**TO DO**:
Set down every entry word for word. Omit the pictures.

**RECORDS FOR THE EXERCISE**:

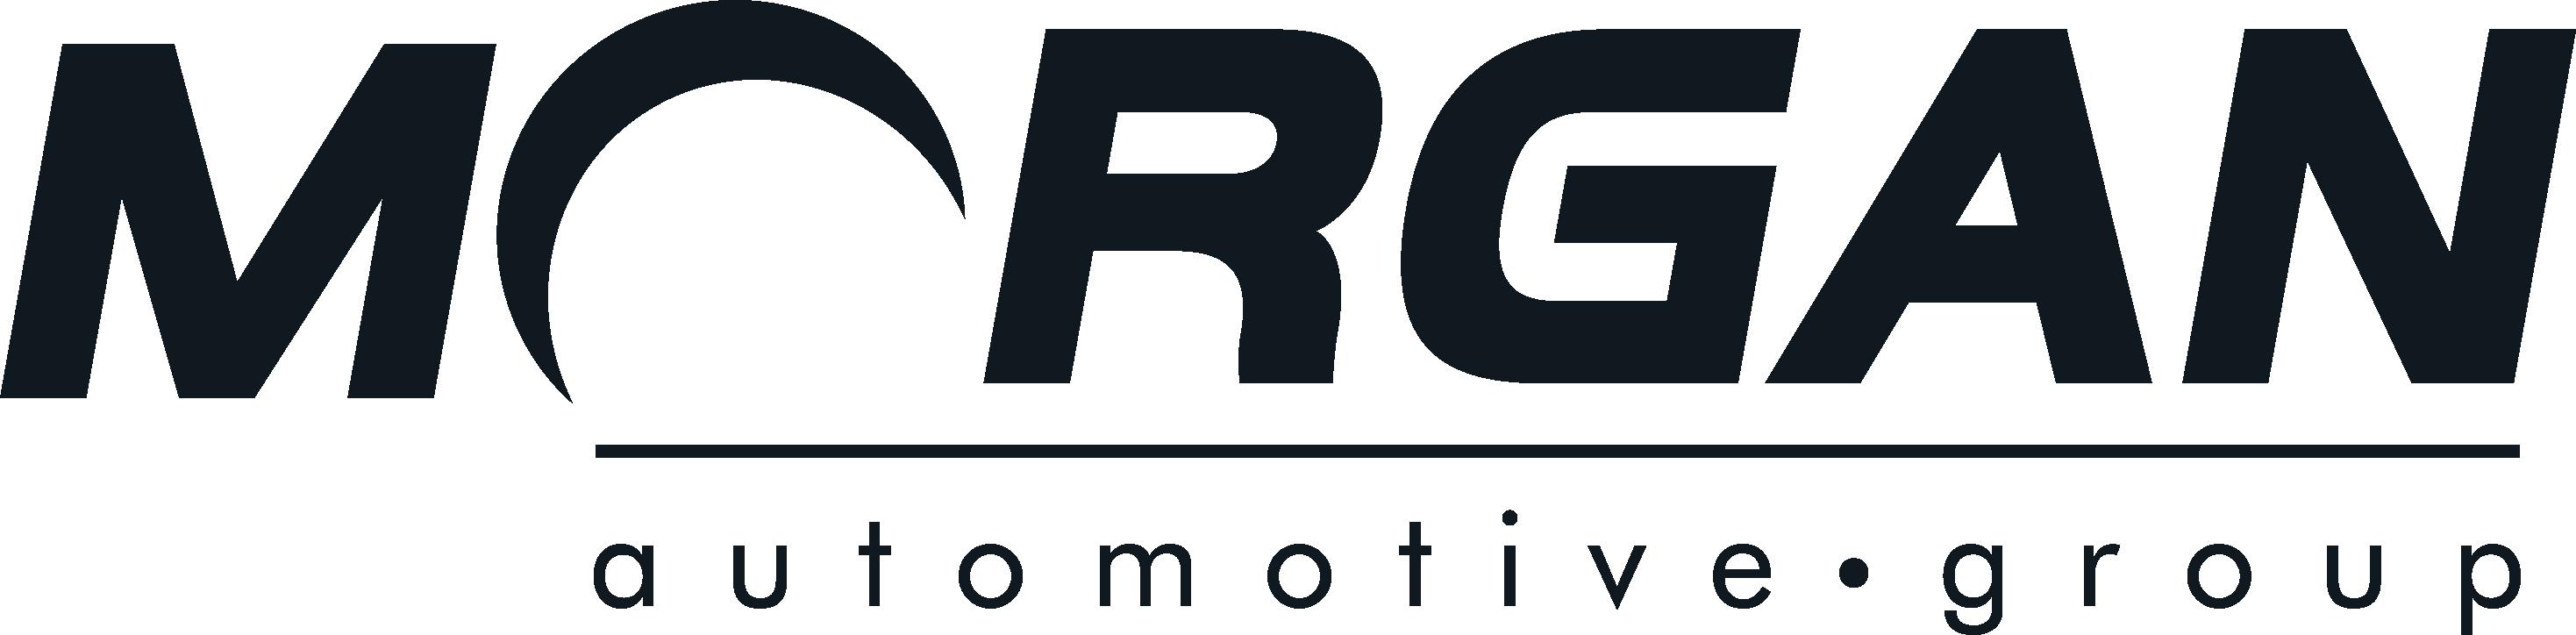 Romph Pou Full-Service Marketing Agency for Automotive
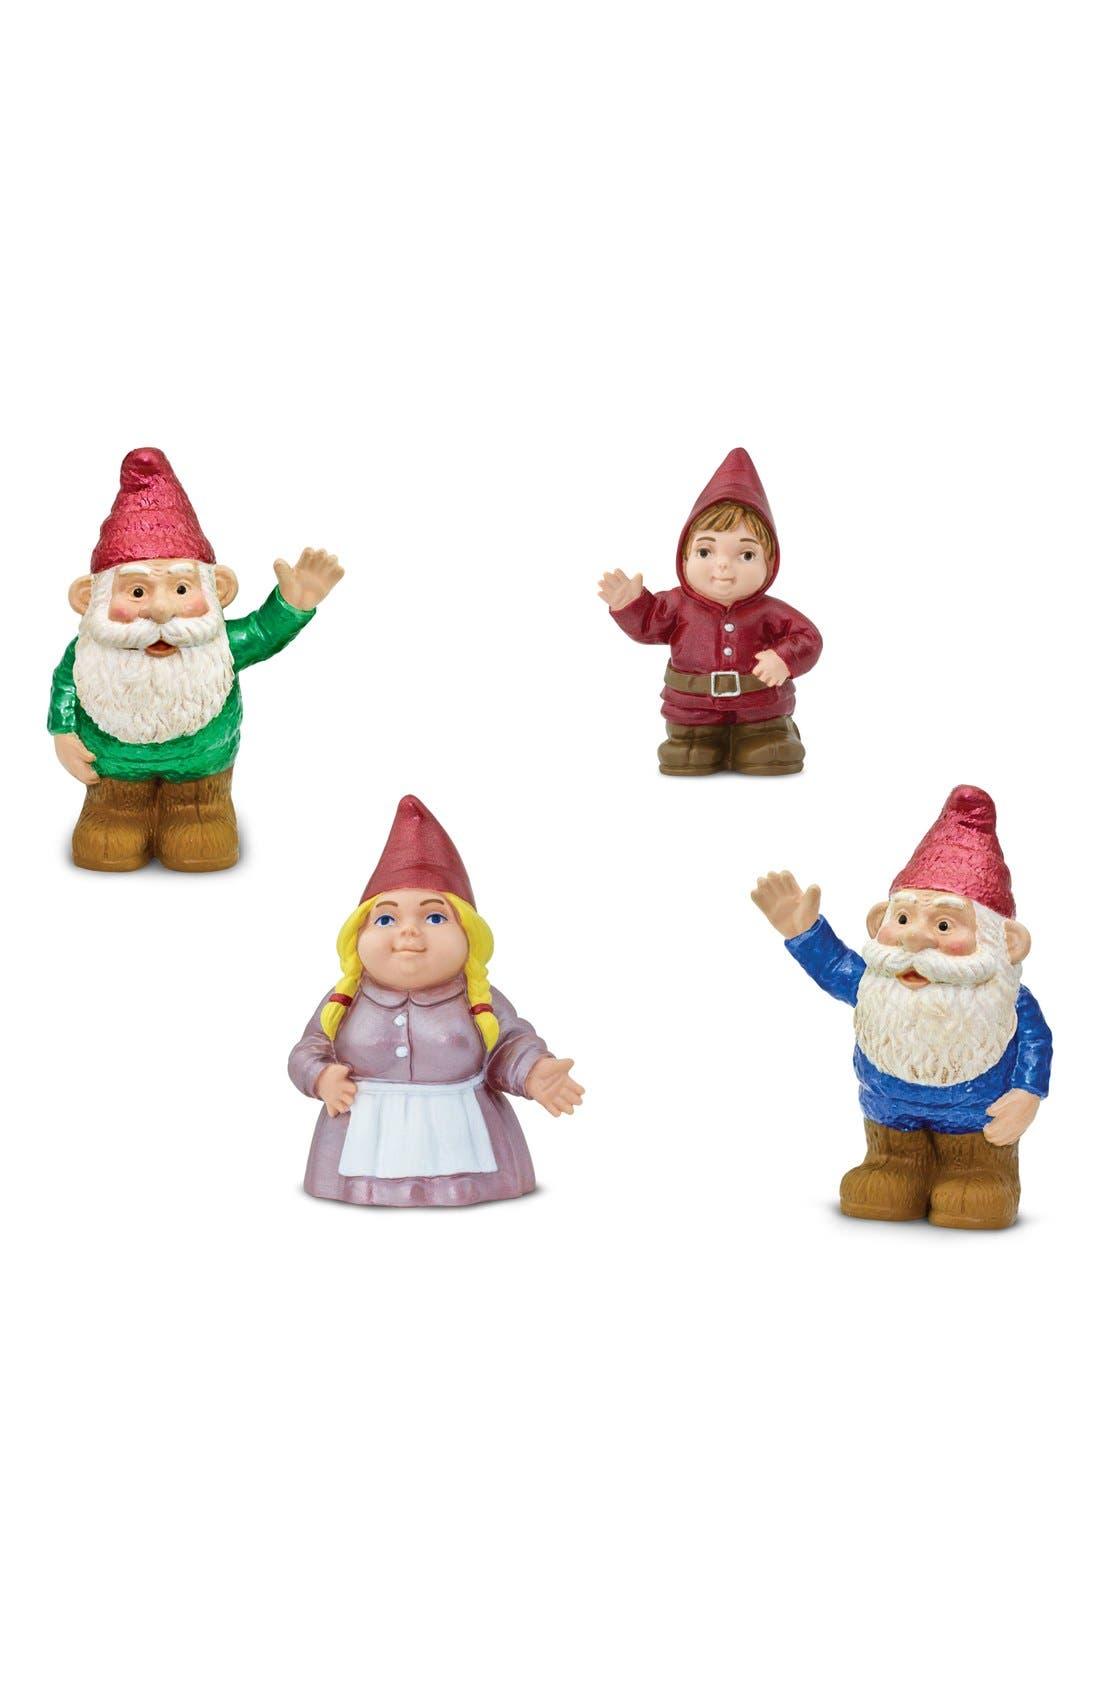 Gnome Family Figurines,                             Main thumbnail 1, color,                             BLUE
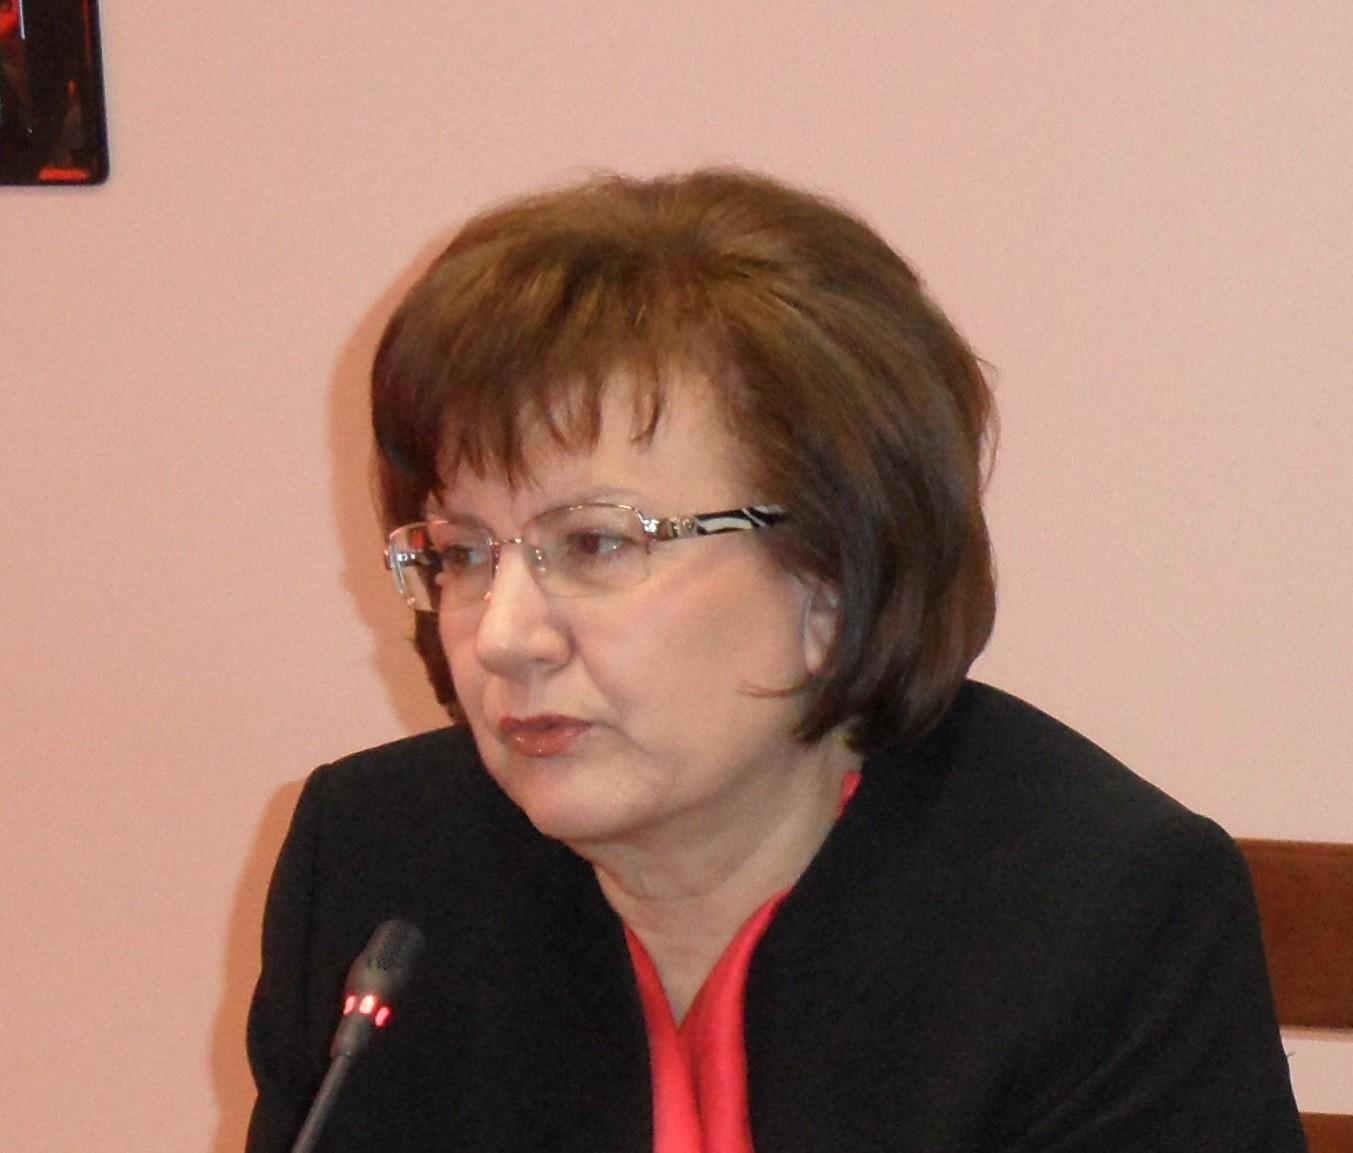 Prof. Maria Nowicka-Skowron
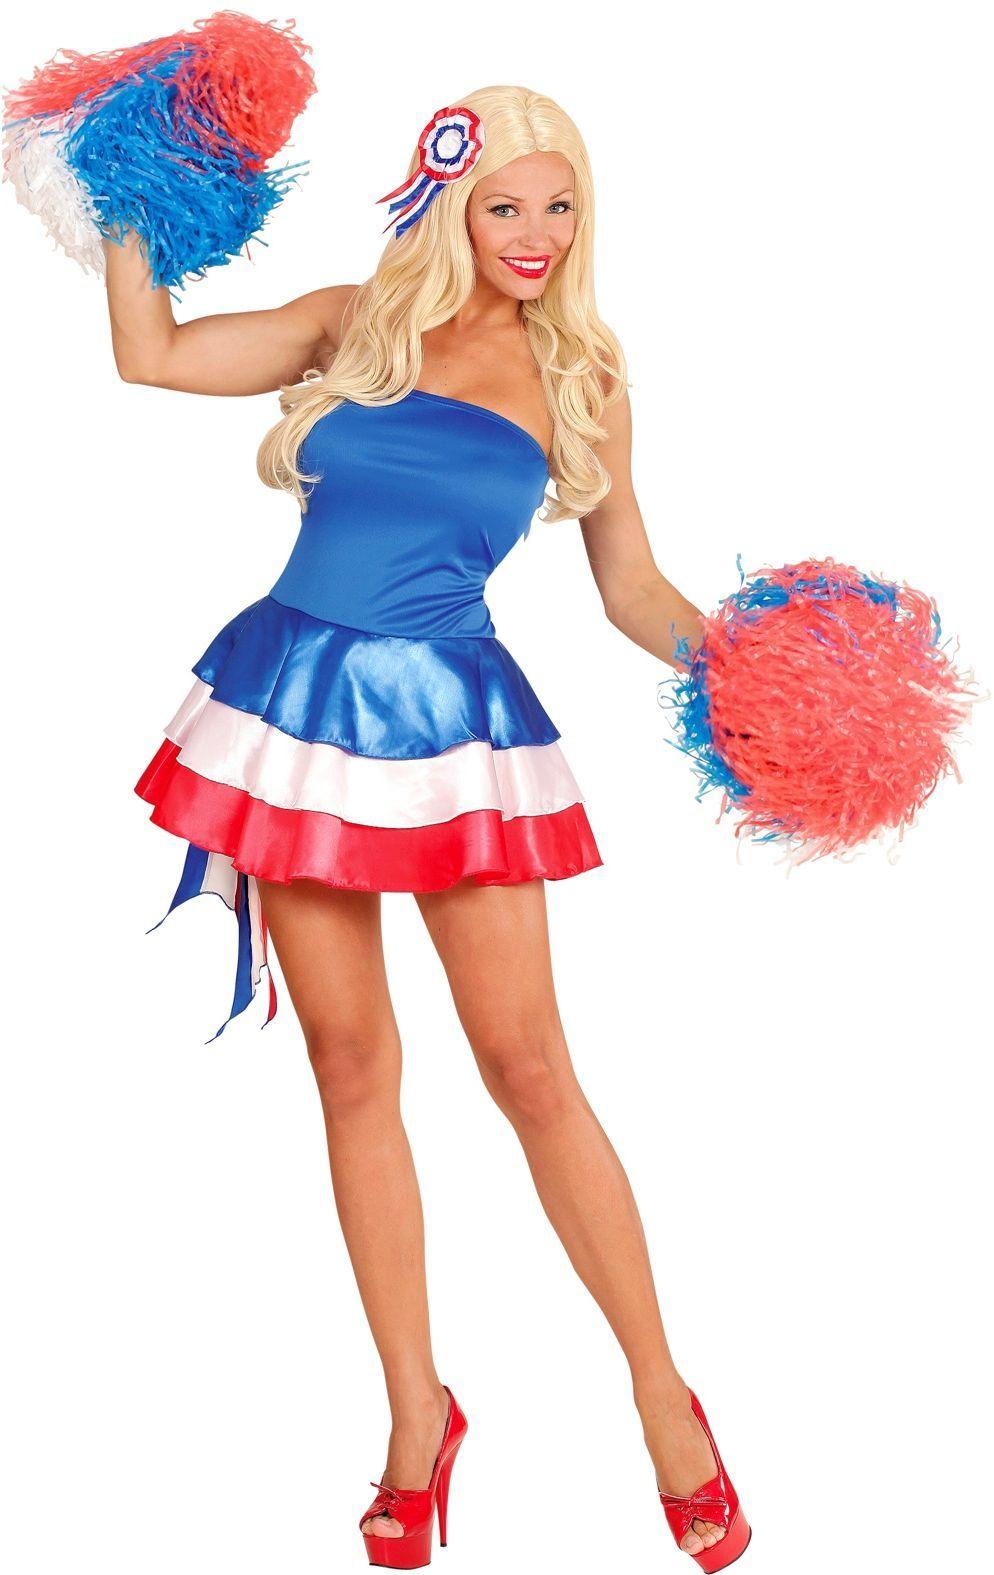 Frans jurk met haarstukje
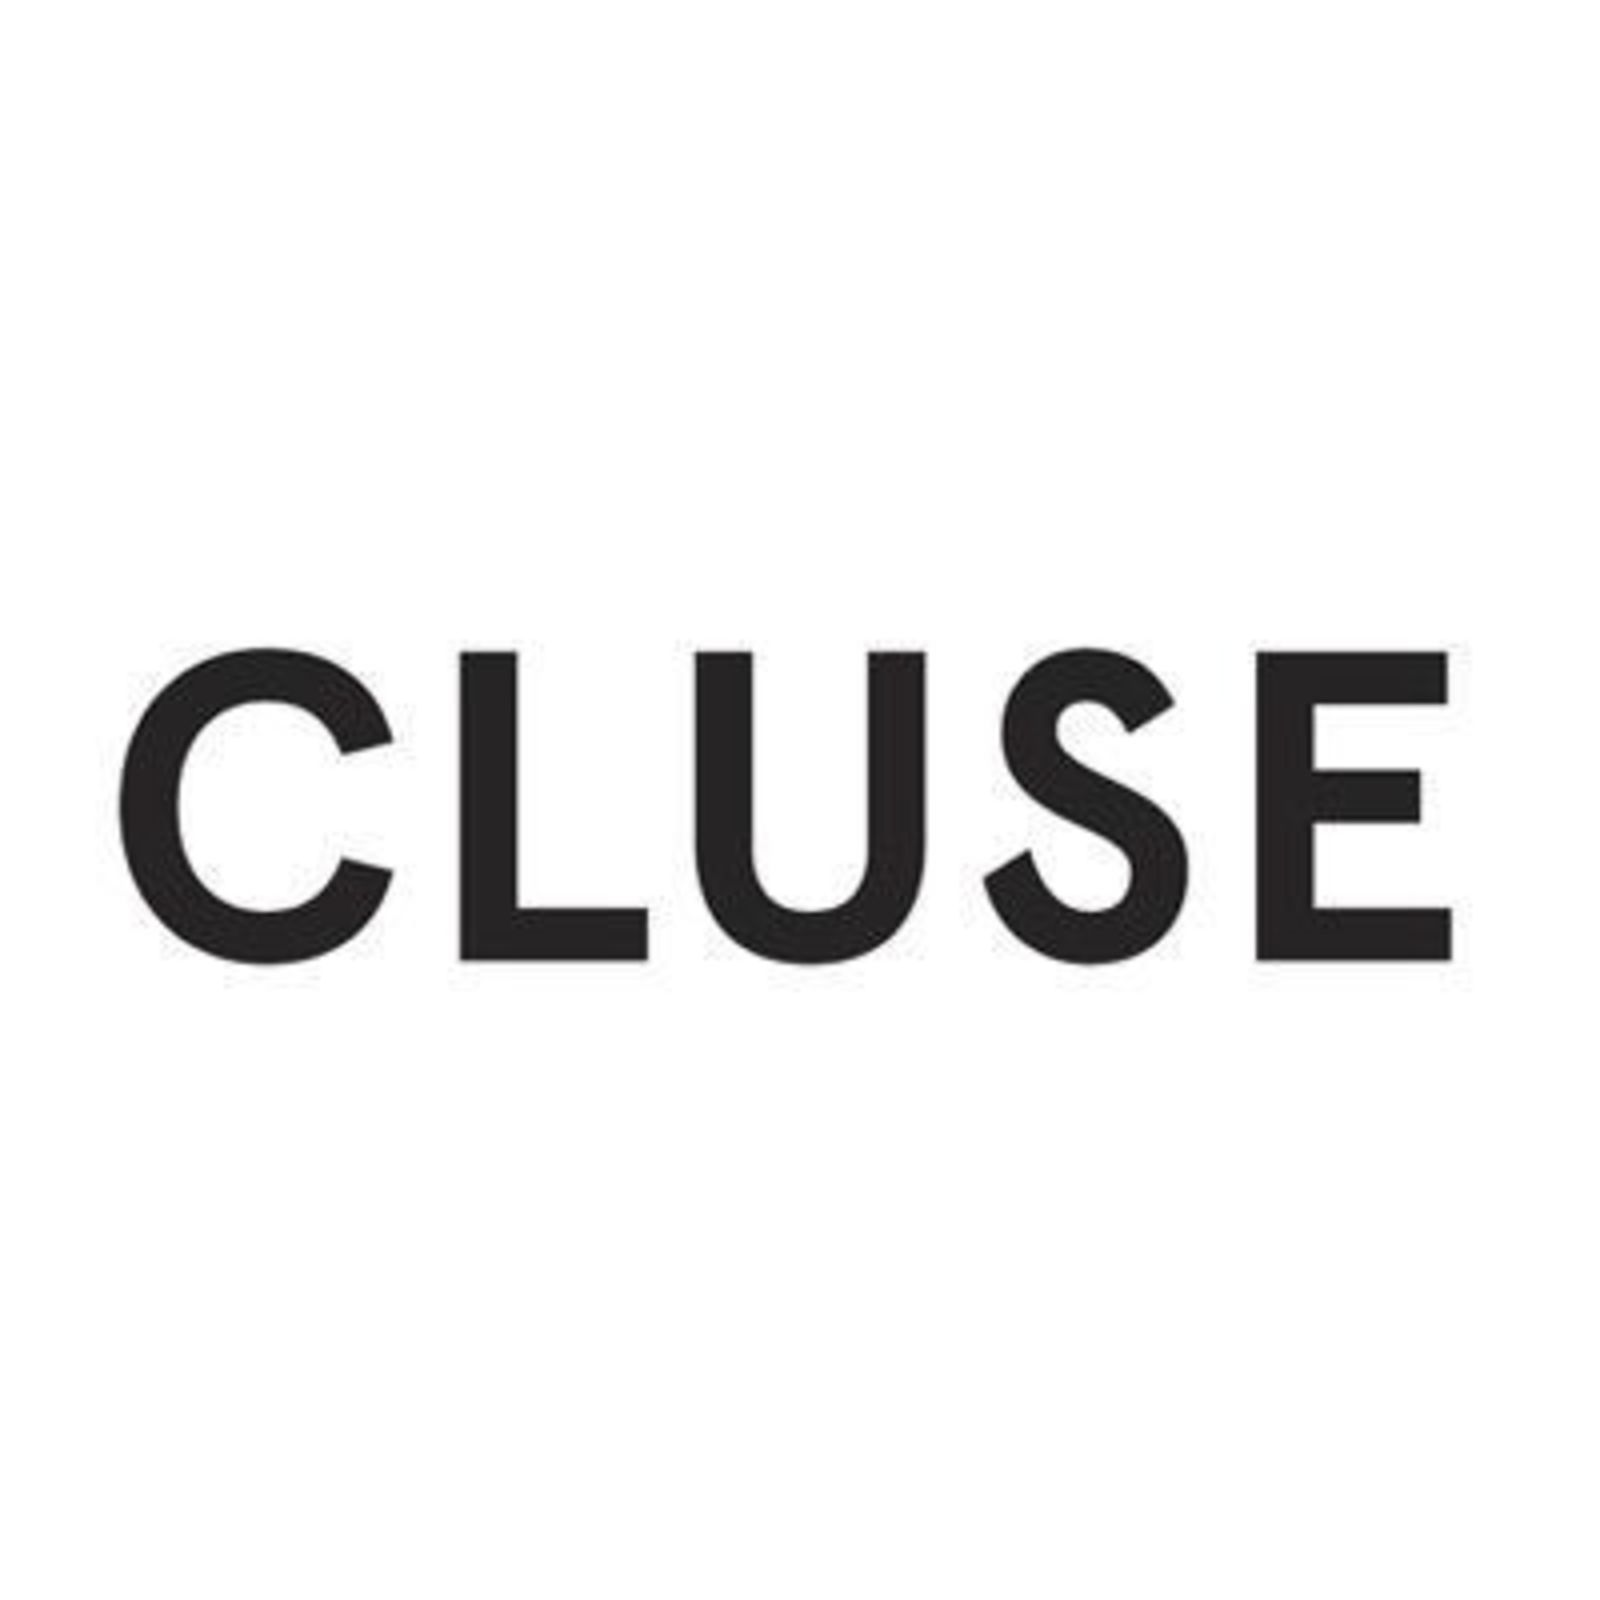 CLUSE (Bild 1)

**RESULT OF THE EXERCISE**:
 Romph Pou Full-Service Marketing Agency for Automotive
 Gnome Family Figurines,                             Main thumbnail 1, color,                             BLUE
 Prof. Maria Nowicka-Skowron
 Frans jurk met haarstukje
 CLUSE (Bild 1)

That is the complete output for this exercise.